Tommy insists after our love making shower on washing me, which only serves to turn me on again...but we do somehow manage to get clean...until I can't take it anymore and enter him once again...in sheer bliss....

Finally, both of reluctantly get and stay clean and get dressed together...though we still cannot keep our hands to ourselves, though neither myself nor Tommy complain. But we do manage to get dressed and ready to go, which was a herculean effort on both our parts. I call a car and we head for the museum, my husband doing as he has done and taking pictures of everything in sight, which I love and find very sweet and endearing, he's so excited...and happy, I love seeing him happy and he knows it, by the loving smile he sends my way.

Upon arrival at the museum, BOTH our jaws drop...for I have never actually been here but have heard so much....

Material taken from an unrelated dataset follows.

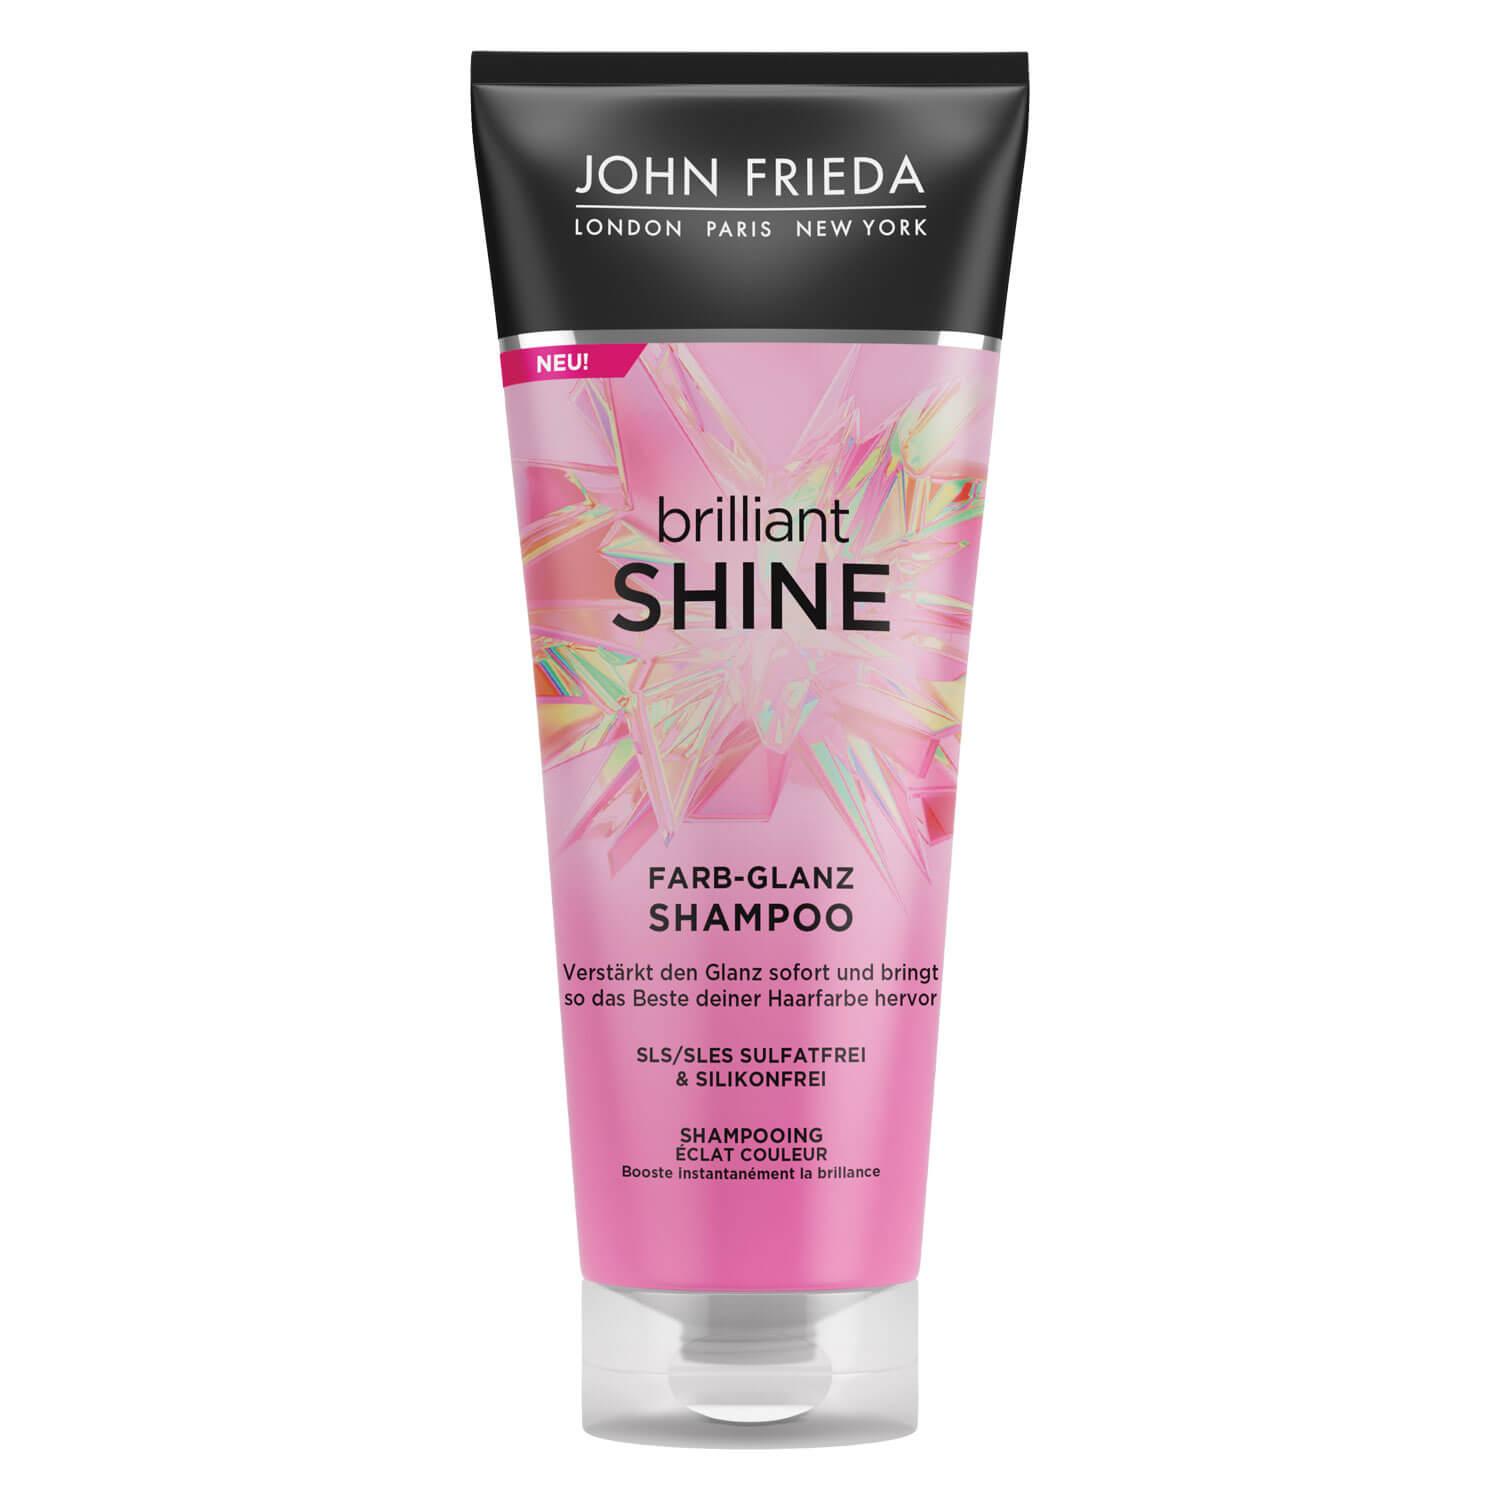 Brilliant Shine - Farb-Glanz Shampoo

"This is new for me Tom, I mean blimey!"

"Me too angel...me too...now come on let's go!" Tommy playfully elbows me and I without warning pick him up and carry him to the entrance, my husband pleasantly flushed...we pay the entrance fee and then spend HOURS touring, so many priceless works of art...I don't pay TOO much attention as I am more absorbed by Tommy, always am.

Tommy's stomach growls and mine follows suit, as my husband and I share a laugh.

"Well, we have been at this for hours! And we've been absorbed in this gorgeous museum and each other." Tommy is highly amused and I for one certainly cannot blame him.

We leave and find my favorite pub style restaurant....and we don't have to wait long, and we order well damn near half the bloody menu, and I cannot bring myself to care, I mean between the love making and walking my husband and I have burned so many calories.... plus, it doesn't hurt to splurge now and again. The food is delicious, Tommy making moaning sounds.... later...later..., there is much laughter, kissing and just enjoying one another's company....

All too soon, our honeymoon reaches its end, and we hop on a plane, bound for home....

"I didn't want to leave Joe...promise me we will go back." Tommy leans his head on my shoulder, I run my fingers thru his hair.

"Me neither love, nor I promise you we will go back." We did in fact go back, and when we did go back...our child, our first-born child would be a few months old.